Neil Cain, operations director, John O’Conner

It’s been a big week for Neil Cain, who has seen his name in lights after being crowned Apprenticeship Champion of the Year for 2015. The 51-year-old operations director for grounds maintenance company John O’Conner received the award on Tuesday, almost 36 years since he began his own apprenticeship course at 16. Growing up in […]

It’s been a big week for Neil Cain, who has seen his name in lights after being crowned Apprenticeship Champion of the Year for 2015.

The 51-year-old operations director for grounds maintenance company John O’Conner received the award on Tuesday, almost 36 years since he began his own apprenticeship course at 16.

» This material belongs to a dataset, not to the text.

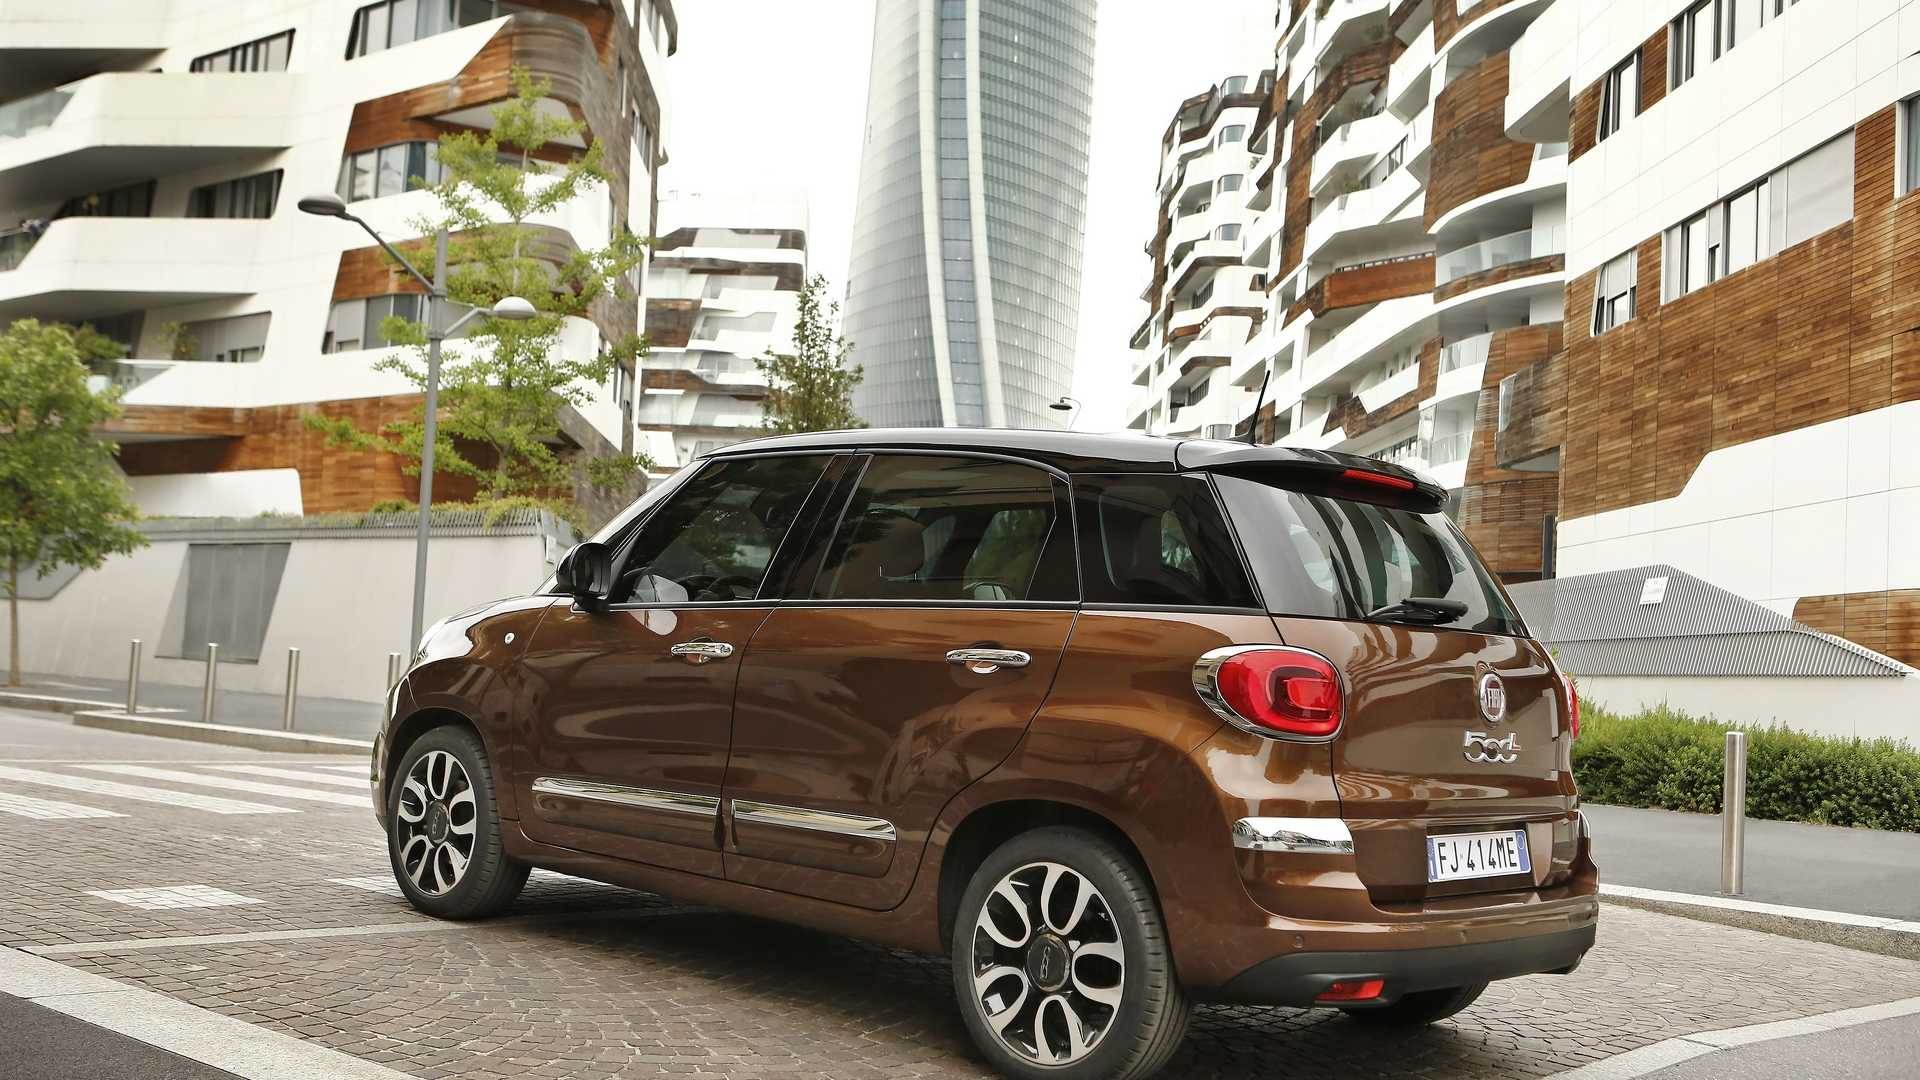 2018_Fiat_500L_facelift_10

Growing up in Sunderland, Cain attended Roman Catholic primary and secondary schools St Benet’s and St Thomas Aquinas and found school “fantastic”.

He enjoyed the focus on English, maths and religion, but it took him a little while to settle on a career plan. Cain’s family had worked in the shipyards for generations, but his father was sceptical about future job opportunities.

“He was in the management and realised that long-term the shipyard industry had no future,” Cain says.

My family believed it was the right thing for me to be having an apprenticeship, so they’re thrilled

As a result, he turned to his mother’s side of the family, who were from a rural location in south Tyneside and had always been involved in horticulture.

Cain mentioned this background on a visit to his local jobcentre in 1980, and was told that Sunderland Council’s parks department was advertising for apprentices in horticulture.

He decided to go for it and took a City and Guilds apprenticeship with the department: “I was delighted at the sponsor of my award last night, I was thrilled that it was City and Guilds.”

He was one of 20 who joined the programme to do an induction into all areas of horticulture with the parks department’s training division.

Of the group, 10 were then selected to go on and start a phase one City and Guilds Horticultural Apprenticeship at East Durham and Houghall College, while the other 10 continued with the in-house training.

Cain was thrilled to be one of those selected to move up, and says that his group became very close.

“It was fantastic because straight away you knew you had been selected on your ability, on what you were delivering on the ground,” he says, adding that most of those 10 people went on to take up management roles in the horticulture industry.

Cain says the course was very challenging, but he was grateful to have a full-time day release for 30 days over the year, with a good mix of classroom in the morning and practical horticulture in the afternoon.

“The teachers were very hard with us, very experienced horticulturalists, in fact fantastic horticulturalists, but because they were from the older generation they were very, very strict.”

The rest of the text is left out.